Include a description of the specific measures will you took,
and the baseline to which you compare your system.
- Results. Report how your system performs, and how it compares to
the baseline or to other comparable work. Discuss what it gets right,
what it gets wrong, and why.
- Discussion. Discuss conclusions that can be drawn from the
research, implications of your findings, the overall contribution to
the general NLP community, and directions for future research.
- References cited. You may choose your preferred style for
in-text citations (for example, numerical or author-year) and for
the reference listing, but please keep it consistent across the
document. The reference listing should contain all the information
required for accessing the reference – author(s), year,
title, and publication information (such as the conference, journal,
volume etc.).
- Division of labor between the teammates.
- Word count for the document, excluding references.

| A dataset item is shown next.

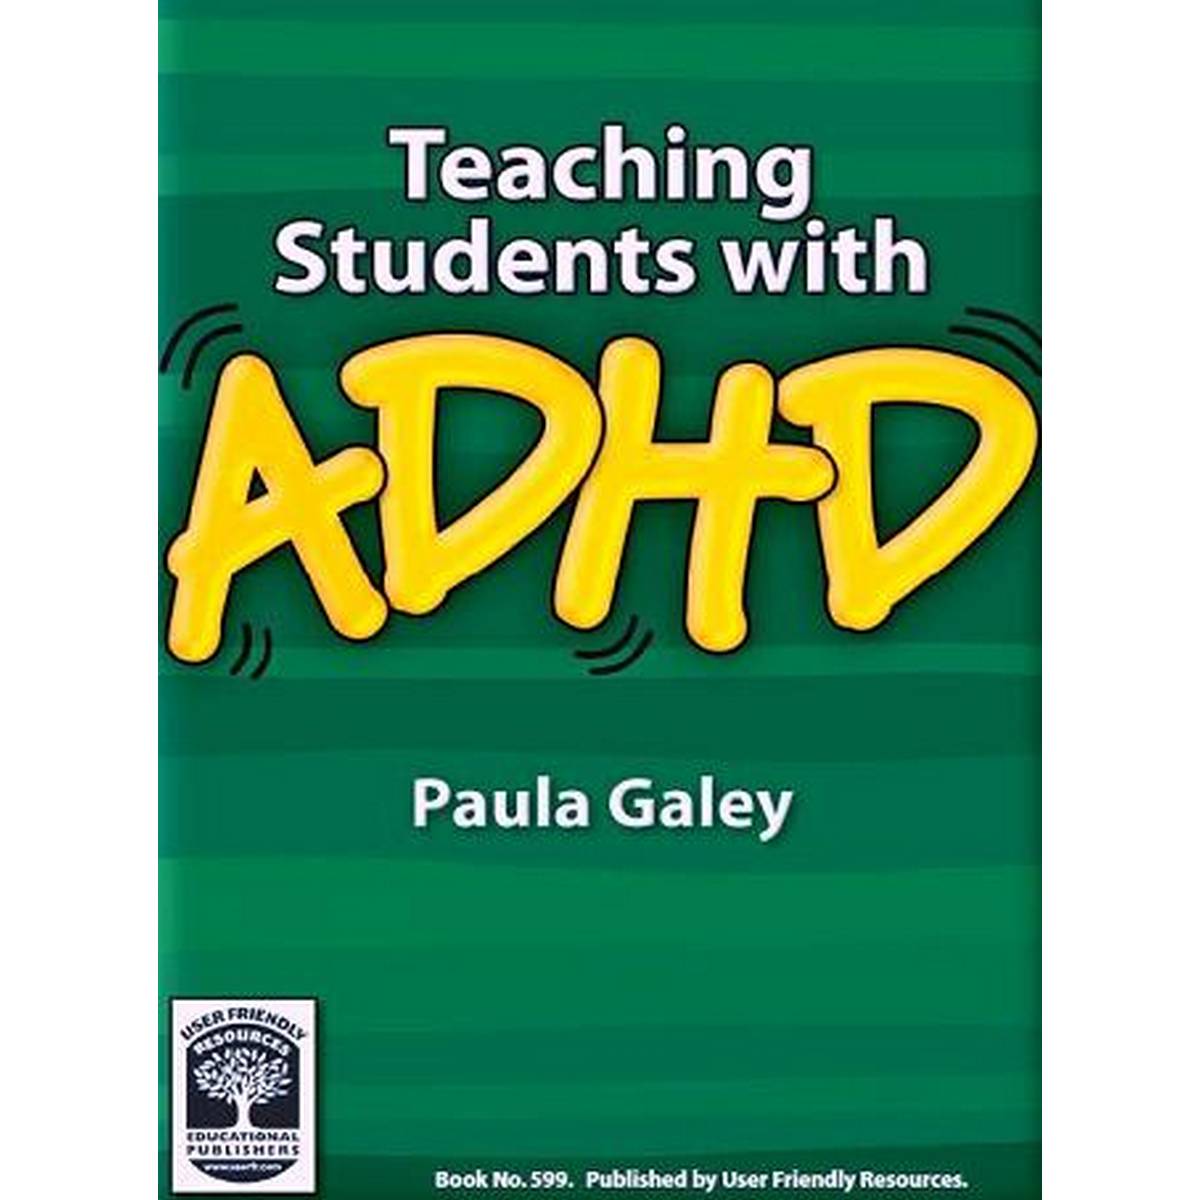 Teaching Students With ADHD

The six main content sections (introduction, materials, procedure,
evaluation, results, and discussion) carry equal weight. Therefore,
they should be of similar lengths – this means reserving
about 300–350 words for each section. This is only a general
guideline, as you may find that some sections require more text than
others. However, if you find you have more to say than fits within the
length requirement, then you’ll need to concentrate on the more
important aspects of your project.
When giving examples of text in languages other than English,
please use the following multi-line format, to make the examples
readable to English speakers. Below is an example for how to present a
sentence in Hindi.
किस | ने | दवाई | को | खरीदा |
(the original text in its native script) |
kis | ne | davaaii | ko | khariidaa |
(a transcription into Latin script) |
who | ERG | medicine | ACC | bought |
(a word-by-word gloss) |
‘Who bought the medicine?’ |
(a translation into English) |
The explanations on the right (in parentheses) are part of the
instructions: they do not need to be repeated with the example.
The second line (transcription into Latin script) is not needed if the
language natively uses a version of the Latin script.
Grading
The grade for the assignment will be broken down as follows.
- 10% Discussion of the project with the instructor.
- 10% On-time submission of a coherent proposal.
- 10% Difficulty, creativity and originality.
- 10% Research article presentation.
- 10% Code demonstration and code quality.
- 10% Poster presentation.
- 40% Final report.
The research project counts for 30% of the overall course grade.